Howard had an answer on the tip of his tongue. His passion for high principle seemed to have been rekindled for the time by his love and in this tranquillising environment. He felt strongly tempted to reason with her unreasonableness, thus practically boasted as a virtue. It seemed so unworthy, this streak of snobbery, so senseless in an American at most three generations away from manual labour. But he had made up his mind long ago to trust to new surroundings, new interests to create in her a spirit more in sympathy with his career.

“She is too intelligent, too high-minded,” he often reassured himself, “to cling to this stupidity of class-feeling. She has heard nothing but class-distinction all her life. Now that she is away from those people, with their petty routine of petty ideas, she will begin to see things as they are.”

So he suppressed the argument and, instead, said in a tone of mock-pity: “Poor fallen queen—to marry beneath her. How she must have fought against the idea of such a plebeian partner.”

“Plebeian—you?” Marian looked at him proudly. “Why, one has only to see you to know.”

“Yes, plebeian. I shall conceal it no longer. My ancestors were plain, ordinary, common, untitled Americans.”

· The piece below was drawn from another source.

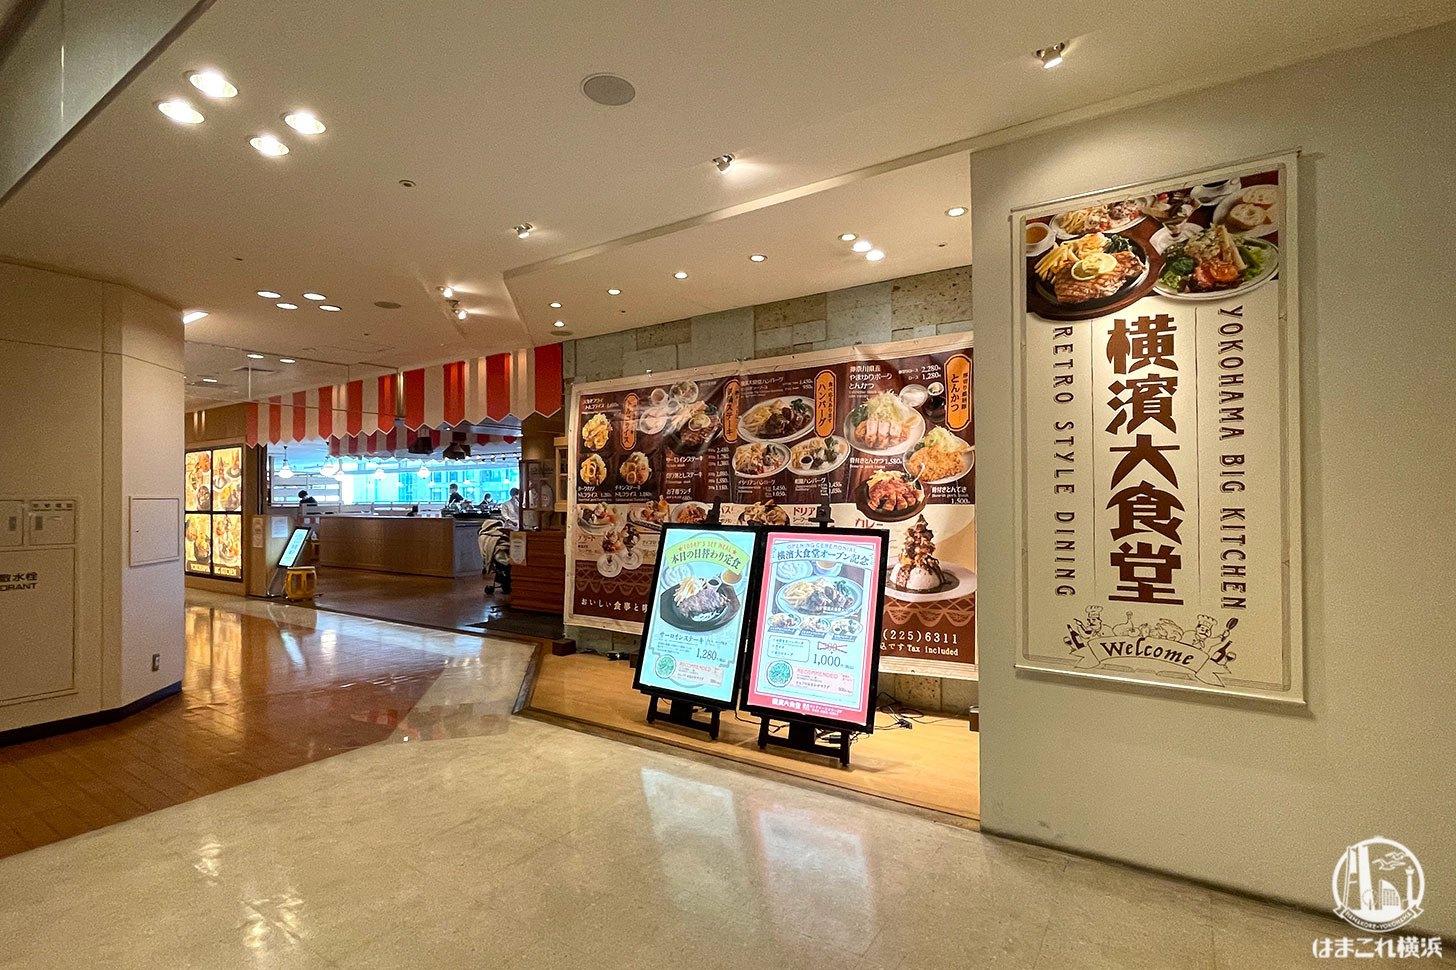 横濱大食堂 外観・入口

“Why, so were mine,” she laughed.

“Don’t! You distress me. I should never have married you had I known that.”

“I am absurd, am I not?” Marian said gaily. “But let me have my craze for well-mannered people and I’ll leave you your craze for the—the masses.”

They began to canter. Howard was smiling in spite of his irritation; for it always irritated him to have her refuse to see his point in this matter—his distinction between a person as a friend and a person as a sociological unit.

He worked for an hour or two every morning and sometimes in the evening, Marian not far from his desk, so seated that when she turned the page of her book she could lift her eyes and look at him. She read the papers diligently every day for the first week. At the outset she thought she was interested. But she knew so little about newspaper details that she soon had to confess to herself that she was in fact interested in Howard as her husband and lover, and that his career interested her only in a broad, general way. What he talked about, that she understood and liked and was able to discuss. But the newspapers and the news direct suggested nothing to her, bored her.